WHAT IS EXPECTED - Here is the task for the records below: repeat exactly the lines from the one with "Alternate Image 1" to the one with "2 Bedrooms 1", both included, and nothing else.

INFORMATION PROVIDED -
-*-*-
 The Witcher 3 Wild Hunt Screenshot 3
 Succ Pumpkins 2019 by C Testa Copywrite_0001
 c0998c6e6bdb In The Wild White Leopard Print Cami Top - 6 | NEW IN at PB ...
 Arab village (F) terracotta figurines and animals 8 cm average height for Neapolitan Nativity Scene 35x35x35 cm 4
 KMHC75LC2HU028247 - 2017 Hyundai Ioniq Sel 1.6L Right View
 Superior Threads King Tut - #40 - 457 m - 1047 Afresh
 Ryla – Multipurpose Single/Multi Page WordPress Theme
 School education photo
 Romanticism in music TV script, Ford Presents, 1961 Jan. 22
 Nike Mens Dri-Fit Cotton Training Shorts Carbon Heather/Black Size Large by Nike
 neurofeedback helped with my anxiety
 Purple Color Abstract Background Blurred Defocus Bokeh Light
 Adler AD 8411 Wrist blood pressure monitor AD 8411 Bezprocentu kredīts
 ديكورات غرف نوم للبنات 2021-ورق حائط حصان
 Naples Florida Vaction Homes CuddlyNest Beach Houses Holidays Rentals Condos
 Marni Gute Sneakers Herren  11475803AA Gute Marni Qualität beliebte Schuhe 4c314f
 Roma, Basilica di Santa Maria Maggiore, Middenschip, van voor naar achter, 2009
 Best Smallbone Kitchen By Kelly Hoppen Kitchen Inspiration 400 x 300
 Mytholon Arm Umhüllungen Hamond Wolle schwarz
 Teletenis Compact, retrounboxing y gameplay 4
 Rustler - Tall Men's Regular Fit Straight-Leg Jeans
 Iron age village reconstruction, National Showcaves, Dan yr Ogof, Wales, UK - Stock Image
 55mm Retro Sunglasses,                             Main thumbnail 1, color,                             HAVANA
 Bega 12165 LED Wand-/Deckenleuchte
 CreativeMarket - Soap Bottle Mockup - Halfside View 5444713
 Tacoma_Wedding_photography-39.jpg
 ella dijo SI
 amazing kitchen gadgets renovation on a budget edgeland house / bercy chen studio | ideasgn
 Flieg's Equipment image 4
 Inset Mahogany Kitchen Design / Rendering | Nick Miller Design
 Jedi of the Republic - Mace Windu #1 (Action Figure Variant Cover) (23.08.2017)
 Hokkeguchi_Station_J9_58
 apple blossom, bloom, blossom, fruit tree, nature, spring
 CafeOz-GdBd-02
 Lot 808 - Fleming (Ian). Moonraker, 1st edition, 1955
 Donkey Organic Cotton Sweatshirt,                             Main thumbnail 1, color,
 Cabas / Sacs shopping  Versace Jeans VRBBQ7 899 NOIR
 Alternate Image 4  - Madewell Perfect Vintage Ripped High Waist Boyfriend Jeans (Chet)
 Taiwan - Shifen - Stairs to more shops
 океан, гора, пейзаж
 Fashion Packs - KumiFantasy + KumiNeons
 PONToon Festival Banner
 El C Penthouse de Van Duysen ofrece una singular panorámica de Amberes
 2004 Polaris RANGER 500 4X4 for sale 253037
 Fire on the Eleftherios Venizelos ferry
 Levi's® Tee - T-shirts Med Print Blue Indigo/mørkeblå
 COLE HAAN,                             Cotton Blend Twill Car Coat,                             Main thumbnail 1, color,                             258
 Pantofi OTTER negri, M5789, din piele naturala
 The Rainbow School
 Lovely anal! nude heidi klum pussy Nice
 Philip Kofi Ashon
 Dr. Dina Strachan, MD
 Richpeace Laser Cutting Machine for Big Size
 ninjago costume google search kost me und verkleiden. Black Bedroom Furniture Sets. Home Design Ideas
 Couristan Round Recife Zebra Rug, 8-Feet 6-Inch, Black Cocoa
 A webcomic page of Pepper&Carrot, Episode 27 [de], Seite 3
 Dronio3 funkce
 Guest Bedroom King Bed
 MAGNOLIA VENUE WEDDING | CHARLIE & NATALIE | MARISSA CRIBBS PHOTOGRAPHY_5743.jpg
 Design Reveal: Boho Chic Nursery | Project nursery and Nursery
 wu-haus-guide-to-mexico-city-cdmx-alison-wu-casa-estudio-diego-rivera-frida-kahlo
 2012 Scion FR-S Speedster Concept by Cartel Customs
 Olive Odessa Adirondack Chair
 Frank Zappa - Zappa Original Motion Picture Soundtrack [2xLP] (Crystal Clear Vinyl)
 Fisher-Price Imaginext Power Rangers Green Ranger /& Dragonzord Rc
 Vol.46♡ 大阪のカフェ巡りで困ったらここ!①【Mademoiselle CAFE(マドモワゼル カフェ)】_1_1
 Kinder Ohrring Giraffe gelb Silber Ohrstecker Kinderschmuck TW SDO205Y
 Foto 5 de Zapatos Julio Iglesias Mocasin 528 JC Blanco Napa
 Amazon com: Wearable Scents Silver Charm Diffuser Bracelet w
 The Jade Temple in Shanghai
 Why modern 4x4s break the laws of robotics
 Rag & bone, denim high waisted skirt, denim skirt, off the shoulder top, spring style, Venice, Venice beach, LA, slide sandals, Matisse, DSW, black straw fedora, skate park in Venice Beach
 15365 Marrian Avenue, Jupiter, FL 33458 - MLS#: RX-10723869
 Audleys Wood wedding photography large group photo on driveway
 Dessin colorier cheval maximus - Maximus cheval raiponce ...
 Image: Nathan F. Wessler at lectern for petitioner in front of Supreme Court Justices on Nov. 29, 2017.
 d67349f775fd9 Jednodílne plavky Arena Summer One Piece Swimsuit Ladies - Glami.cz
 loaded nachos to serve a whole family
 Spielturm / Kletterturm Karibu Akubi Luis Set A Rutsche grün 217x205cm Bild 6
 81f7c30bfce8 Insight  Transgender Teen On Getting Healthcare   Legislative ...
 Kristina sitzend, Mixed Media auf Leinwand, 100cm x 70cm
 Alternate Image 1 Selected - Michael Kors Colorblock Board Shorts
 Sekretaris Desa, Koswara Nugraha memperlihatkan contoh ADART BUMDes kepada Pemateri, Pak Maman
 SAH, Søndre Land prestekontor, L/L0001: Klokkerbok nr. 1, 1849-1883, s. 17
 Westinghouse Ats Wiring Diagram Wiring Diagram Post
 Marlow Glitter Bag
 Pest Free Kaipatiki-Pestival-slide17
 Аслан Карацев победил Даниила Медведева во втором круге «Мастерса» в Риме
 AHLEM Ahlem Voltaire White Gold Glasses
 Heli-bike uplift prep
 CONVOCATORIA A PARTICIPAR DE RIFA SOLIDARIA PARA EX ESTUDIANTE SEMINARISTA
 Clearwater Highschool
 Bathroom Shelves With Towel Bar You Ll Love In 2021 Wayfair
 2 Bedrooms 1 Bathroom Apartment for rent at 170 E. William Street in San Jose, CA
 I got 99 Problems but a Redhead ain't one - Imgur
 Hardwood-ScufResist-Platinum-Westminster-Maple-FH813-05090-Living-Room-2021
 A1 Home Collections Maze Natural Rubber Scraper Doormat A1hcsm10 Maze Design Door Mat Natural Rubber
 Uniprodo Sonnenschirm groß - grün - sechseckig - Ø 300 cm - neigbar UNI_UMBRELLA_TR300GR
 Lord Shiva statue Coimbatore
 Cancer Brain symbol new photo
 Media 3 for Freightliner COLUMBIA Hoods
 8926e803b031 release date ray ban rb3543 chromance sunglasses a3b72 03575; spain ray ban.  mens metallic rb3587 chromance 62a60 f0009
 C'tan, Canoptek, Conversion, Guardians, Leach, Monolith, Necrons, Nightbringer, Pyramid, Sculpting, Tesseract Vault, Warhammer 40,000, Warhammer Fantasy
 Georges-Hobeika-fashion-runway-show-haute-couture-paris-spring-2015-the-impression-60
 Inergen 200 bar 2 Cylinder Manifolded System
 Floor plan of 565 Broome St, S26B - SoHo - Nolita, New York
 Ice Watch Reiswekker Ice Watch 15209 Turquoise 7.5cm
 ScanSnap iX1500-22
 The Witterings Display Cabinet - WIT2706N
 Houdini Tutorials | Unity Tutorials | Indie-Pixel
-*-*-
ANSWER AREA -
 Alternate Image 1 Selected - Michael Kors Colorblock Board Shorts
 Sekretaris Desa, Koswara Nugraha memperlihatkan contoh ADART BUMDes kepada Pemateri, Pak Maman
 SAH, Søndre Land prestekontor, L/L0001: Klokkerbok nr. 1, 1849-1883, s. 17
 Westinghouse Ats Wiring Diagram Wiring Diagram Post
 Marlow Glitter Bag
 Pest Free Kaipatiki-Pestival-slide17
 Аслан Карацев победил Даниила Медведева во втором круге «Мастерса» в Риме
 AHLEM Ahlem Voltaire White Gold Glasses
 Heli-bike uplift prep
 CONVOCATORIA A PARTICIPAR DE RIFA SOLIDARIA PARA EX ESTUDIANTE SEMINARISTA
 Clearwater Highschool
 Bathroom Shelves With Towel Bar You Ll Love In 2021 Wayfair
 2 Bedrooms 1 Bathroom Apartment for rent at 170 E. William Street in San Jose, CA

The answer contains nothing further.